When you are the hiring guy, you get judged by the actions of the people you hired, even when they abruptly leave. Does that mean they should be burning mattresses and making threats against his life? Probably not.

I’ve heard the actions of UT fans defended as just “the passion of the SEC.” Seriously? When passion in your college football program inspires borderline criminal behavior, it may be time to check yourself.

College football is a business, a very big business. It is entertainment on a grand scale. But let’s finally face it—college football is a very dirty big business.

The notion of the “student-athlete” tends to engender a smirk, if not genuine incredulousness. The money these athletes make for these schools “in exchange” for their education is remarkable.

The salaries thrown at these coaches, especially from public schools like UCLA and Tennessee, at a time when courses are being cut and fees raised due to lack of state funding is obscene and cannot be rationalized. Norm Chow just got an extension and a raise from UCLA at a time when tuition just was raised again at the University of California system.

The aforementioned Bowl Championship Series doesn’t work, makes millionaires out of people who have nothing to do with colleges or athletes, and doesn’t really crown a champion like every other league in all of college sports. I don’t care what you say, but Boise State vs. Alabama would have been competitive.

You want to see the really seedy underbelly of college football? Take a peek into recruiting. It’s nasty and not the least honorable. Coaches will say almost anything in the living rooms of potential recruits. Just imagine what the oh so honorable Rick Neuheisel is saying about Lane Kiffin to potential recruits, and vice versa. That’ll be a fun one to watch.

What about all those UT “minor” NCAA violations? Go online and check your favorite school’s record on minor violations. You’ll be surprised.
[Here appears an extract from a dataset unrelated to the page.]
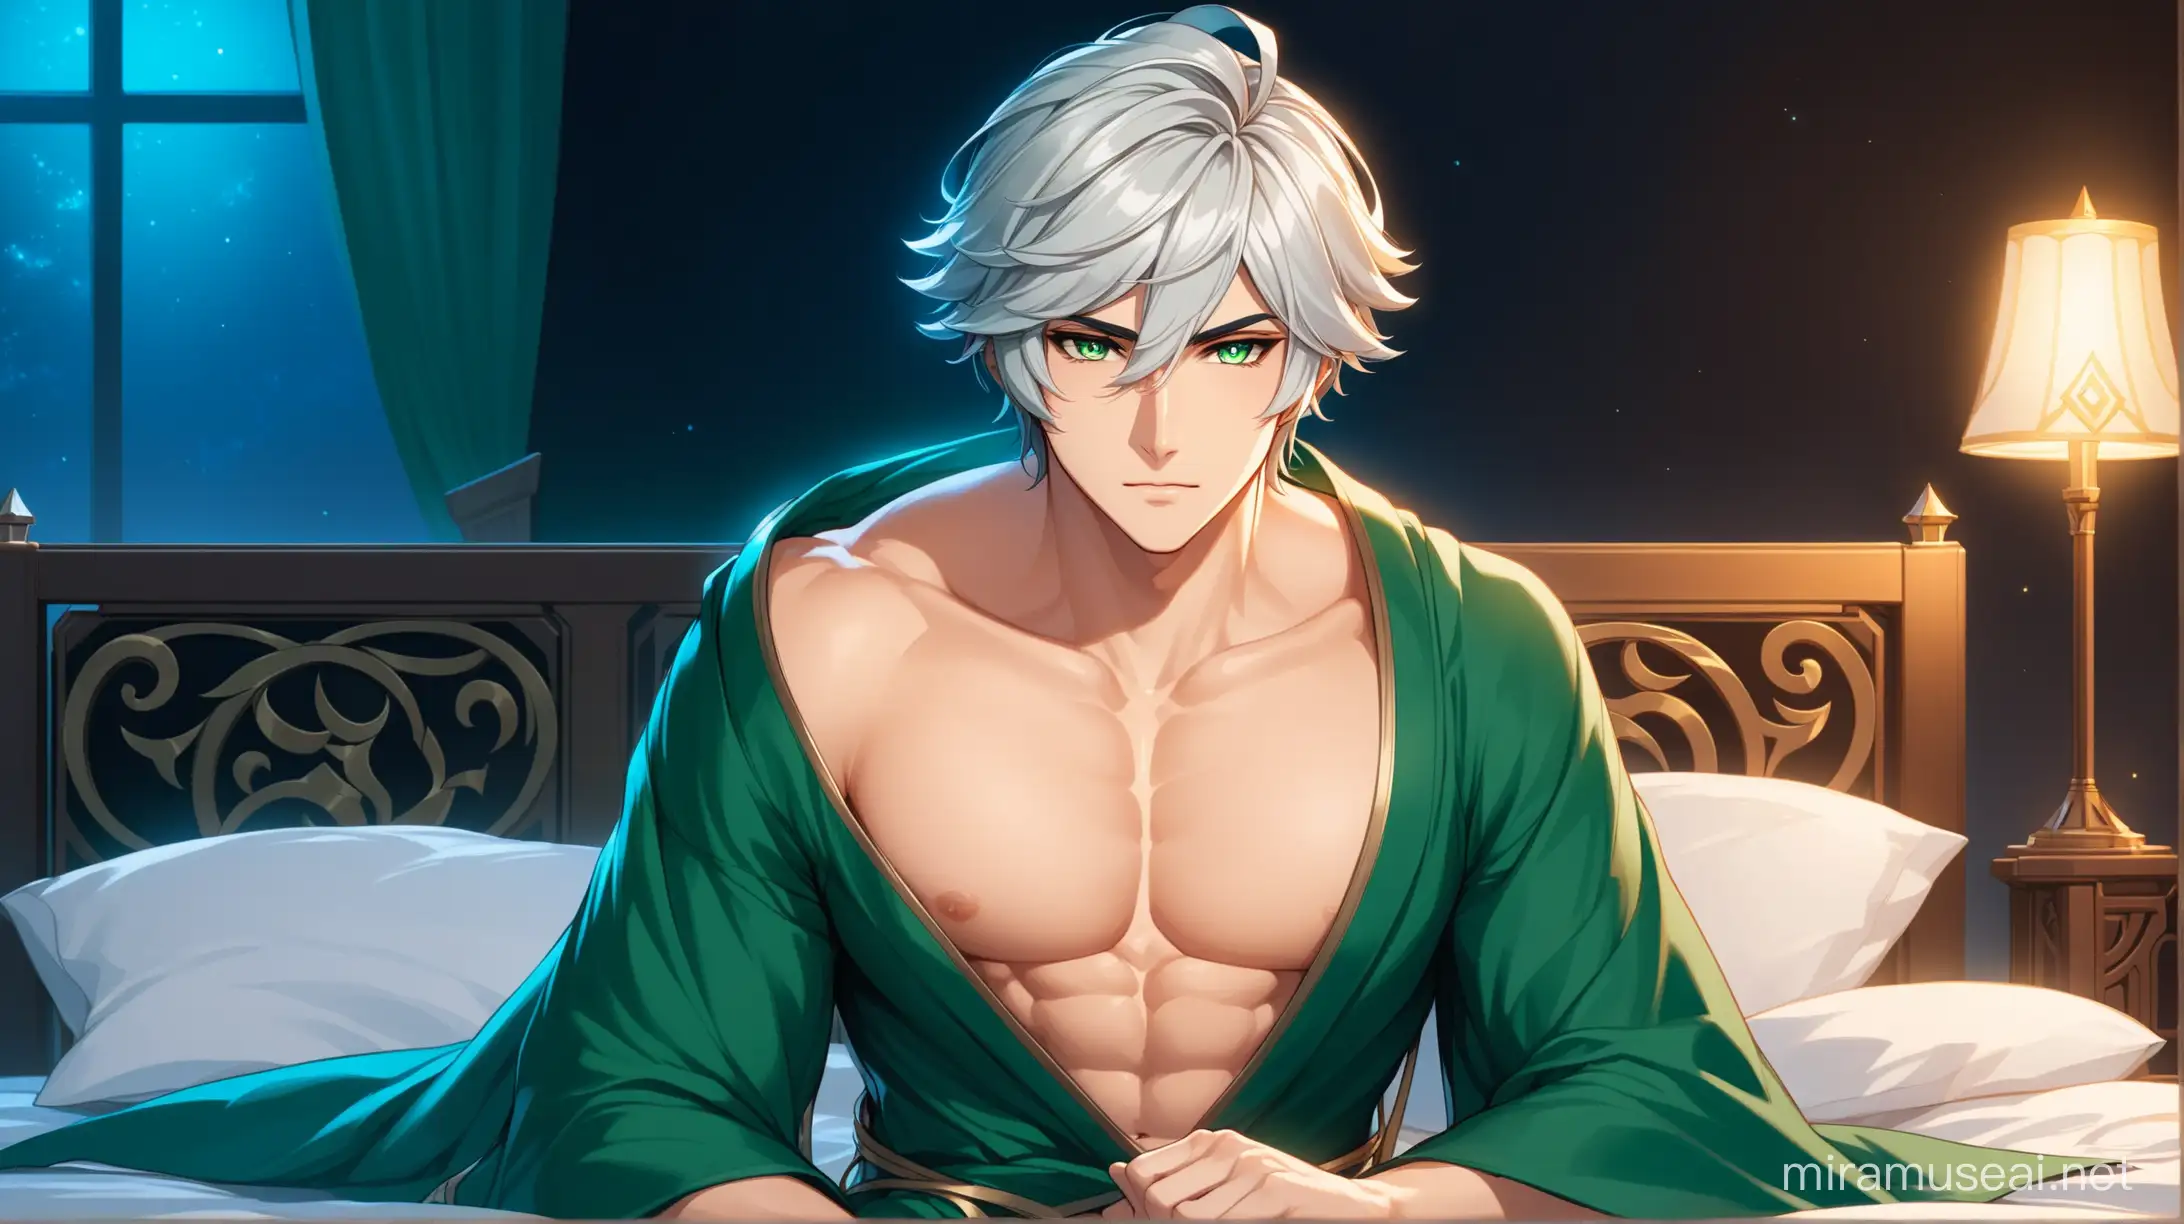 Draw the character Alhaitham (from Genshin Impact), with silver hair and green eyes, lying on a bed, indoors, at night, in a nonchalant pose, she is wearing a loose robe, with an exposed chest and abs, looking seductively at the viewer

Do you know who led the SEC in violations last year? No, not UT—Vanderbilt. The perennial football juggernaut that is Vandy.

Do I love college football? Absolutely—more than pro football, in fact. Yet I see it for what it is. It is a broken system with out of date behavioral rules that reward winning at all costs just as long as you don’t get caught.

We love the traditions, the story lines, and the grand pageantry of college football. We love when our team beats the rival school. I do too. But by buying tickets and jerseys and being patrons of the schools and all of that (up to the point of burning mattresses), we are simply providing the fuel that drives the dirty machine that is major college football.

College football is one big dirty business. Blame Lane Kiffin if you want, and he certainly deserves some. But so do you and I.

If you don’t think so, you just don’t get it.